The results for Github indicated limitations in decision-making processes, contributing to the debate regarding the extent of accessibility in OD projects, i.e., the degree to which any person can participate in a given development process (Balka, et al., 2010). At the same time, it was not possible to confirm whether the lack of accessibility was intentional, i.e., limited by OpenAg members, or reflected unfamiliarity with the Github platform. Confirming this possibility would require further analysis, such as interviewing members of the community. However, limitations for inexperienced users, in taking advantage of Github existing features, have been reported in studies as well (Feliciano, et al., 2016). As for the Forum, the most active users are represented by entrepreneurs, enthusiasts and OpenAg members. From our understanding, the Forum is a more intuitive platform for collaboration between users. It positively benefits replicability by enabling users to report issues and get feedback from the communities.

The role of entrepreneurs in sustaining OS communities is well reported in the literature, but mostly restricted to software development (Yetis-Larsson, et al., 2015). Although not directly involved in the decision-making process, these users are key actors for community health. Our results indicated a possible “mutualistic” relationship between entrepreneurs and the OD community. On the one hand, users take advantage of open content developed to foster their product innovation processes and, on the other hand, the community benefits from the entrepreneur collaboration either by reporting/fixing errors, making suggestions or helping other users. Another example of the links between OS and entrepreneurs is RepRap, an OS project for self-replicating 3D printers. Started in 2005, the project started with the creation of companies selling printer assembling kits and components, e.g., Bits from Bytes [3], and also 3D printer suppliers based on RepRap designs, e.g., MakerBot Industries.

Users with educational interests were also representative in the community. From our perspective, they provided valuable contributions to OpenAg. A considerable number of topics and comments, by students and instructors, were related to the development of school projects, i.e., technology and food growing. We wondered whether these users continued collaborating with the community after completing their specific projects. However, the high number of single-time users with educational related inquiries indicated that they were a low-permanence group.

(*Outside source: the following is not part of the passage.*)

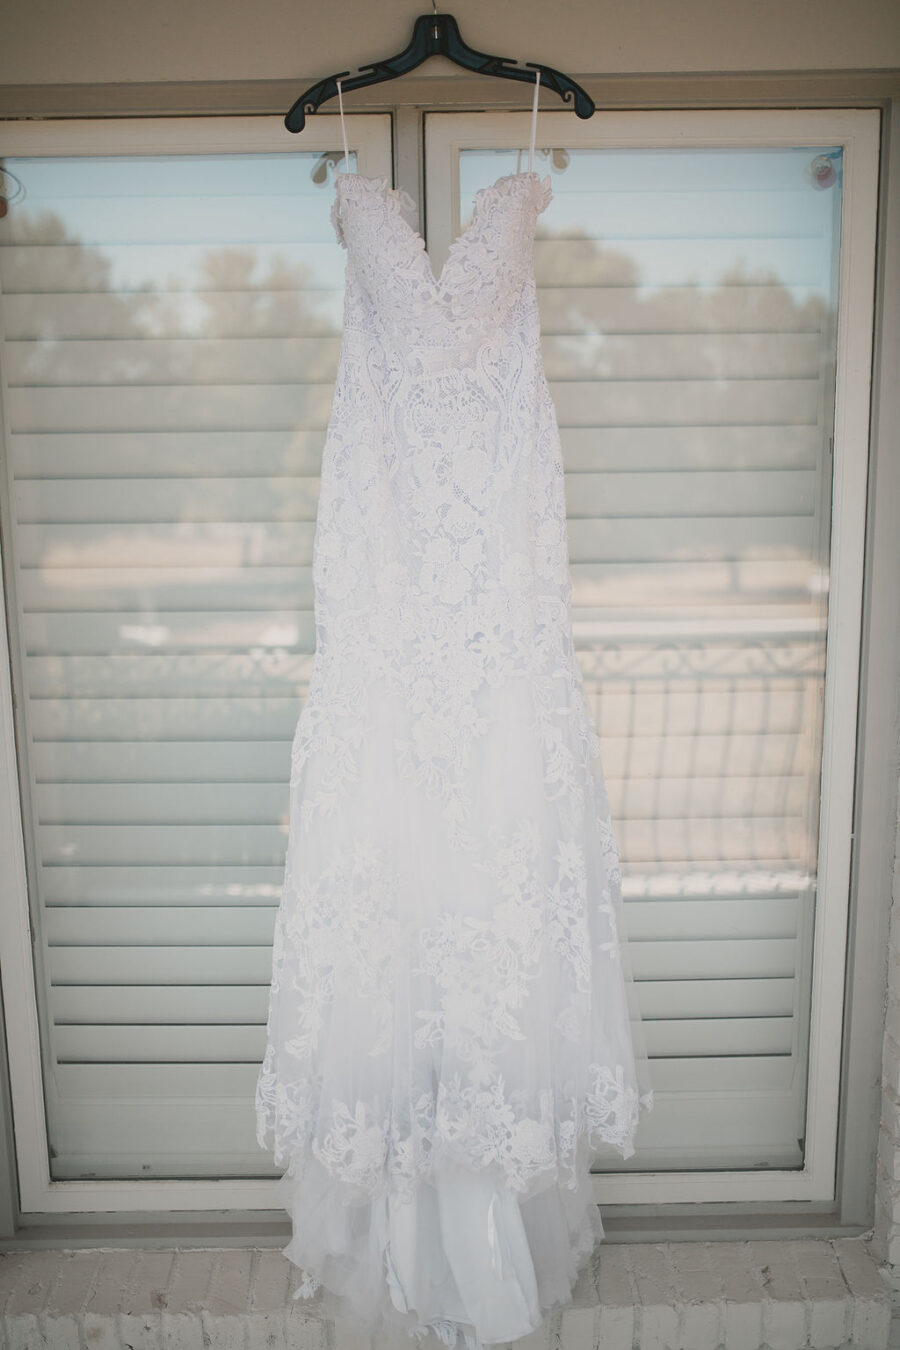 Lace wedding dress portrait: Romantic Outdoor Wedding at Reunion Stay

As for RQ2, the evolution of the Forum network indicated both changes in the importance of users and activities as well as increases in the diversity of topics. It started as a “high centralized” network, with OpenAg members associated to the most important nodes. This was an expected result if we consider that the Forum was created by OpenAg members. An important remark is the fact that the initial structure of the Forum (2016) was similar to the structure found in Github. However, the sequential network structure of the Forum became more diverse and less centralized, indicating that late external users were important actors. We also observed a decrease in the importance of OpenAg members, which, from an open source perspective, is desirable. It possibly indicated a stage where the community depended less on the original project developers. However, we cannot safely conclude that this is the current stage of the community. Given the recent nature of the project, continuous analysis of the community would enable us to verify, for instance, if the structure of the Forum maintained the decentralization/diversification process that we have observed. It would be also possible to confirm the centralized nature of the Github community.

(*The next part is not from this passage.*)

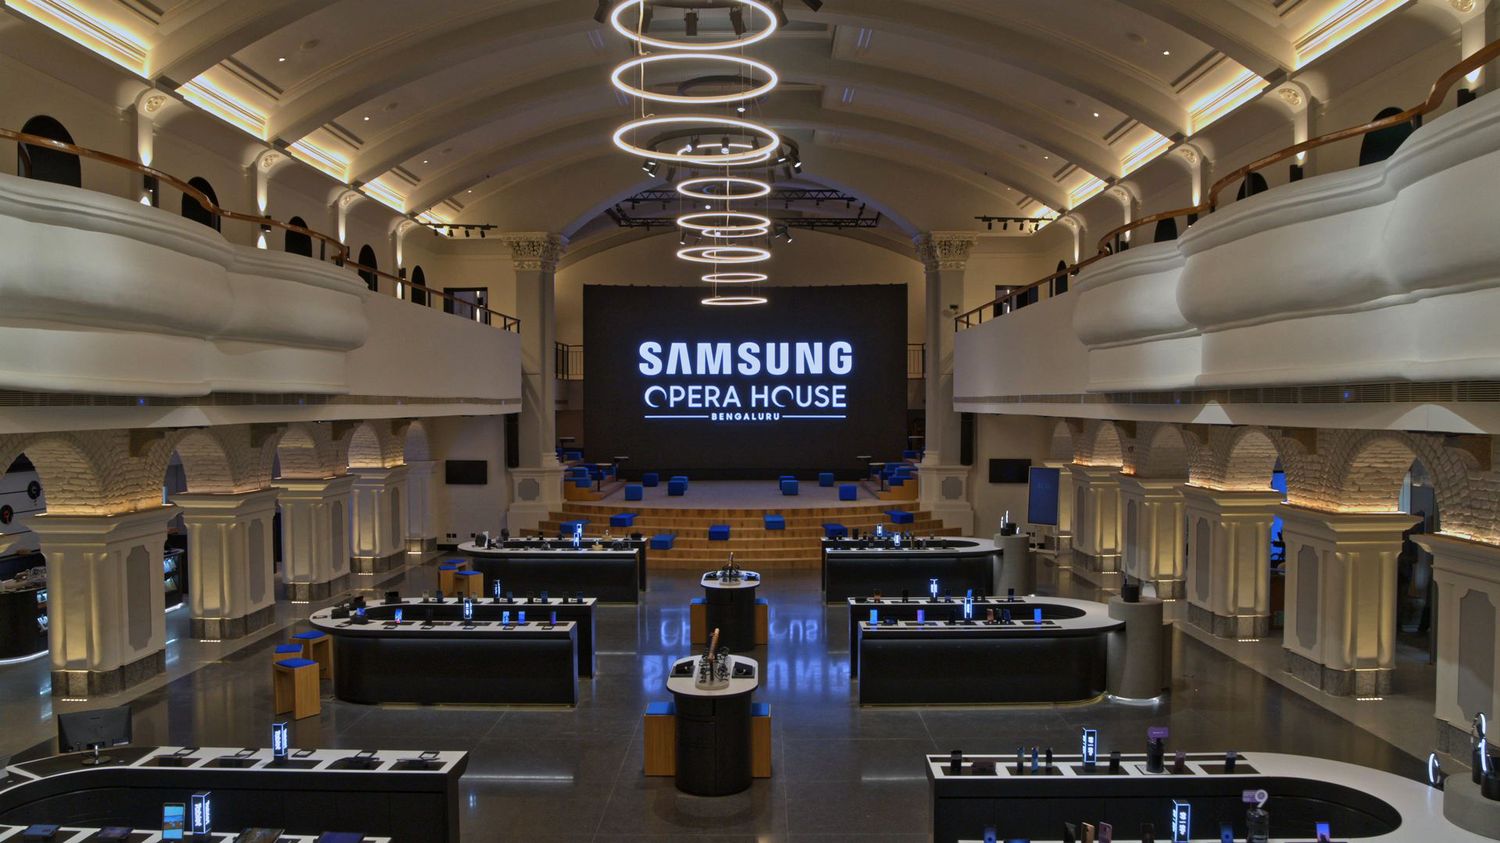 samsungs-new-opera-house-store-is-its-biggest-in-the-world

In RQ3, we investigated the reasons that single-time users participated in the Forum community. Although the results do not allow us to draw precise conclusions about who these users were, some observations need to be highlighted. First, the wide variety of topics discussed by these users reflected diversity that we found in the overall community. These users commented upon topics related to commercial usage of the project and educational ideas, inquired about the PFC building process and searched for users from related localities. Second, in OSS studies, authors identified that new users also joined the communities because they needed to solve specific problems (Shah, 2005; Bagozzi and Dholakia, 2006). This was also true for a number of users that we identified. However, the analysis of the Forum showed that users were motivated for different reasons, e.g., interested in agricultural techniques or in finding a new hobby. In fact, by tracing back comments from the most active users (non-OpenAg members), we managed to verify that they were particularly interested in plant growing systems prior to the release of the project. Finally, the large number of single-time users (50.3 percent) indicated that the majority of potential collaborators stopped contributing right after their first interactions with the community. As we also pointed out, over 50 percent of users had a low participation rate (less than 10 percent) considering the total time (from registration to the time data was acquired). We understood this feature to be a natural aspect of the OS ecosystem and, possibly, a positive one. It indicated some sort of enthusiasm or inspiration, even temporarily, at the same time it increased product replicability — by enabling users to ask questions about the building process and securing support from the community.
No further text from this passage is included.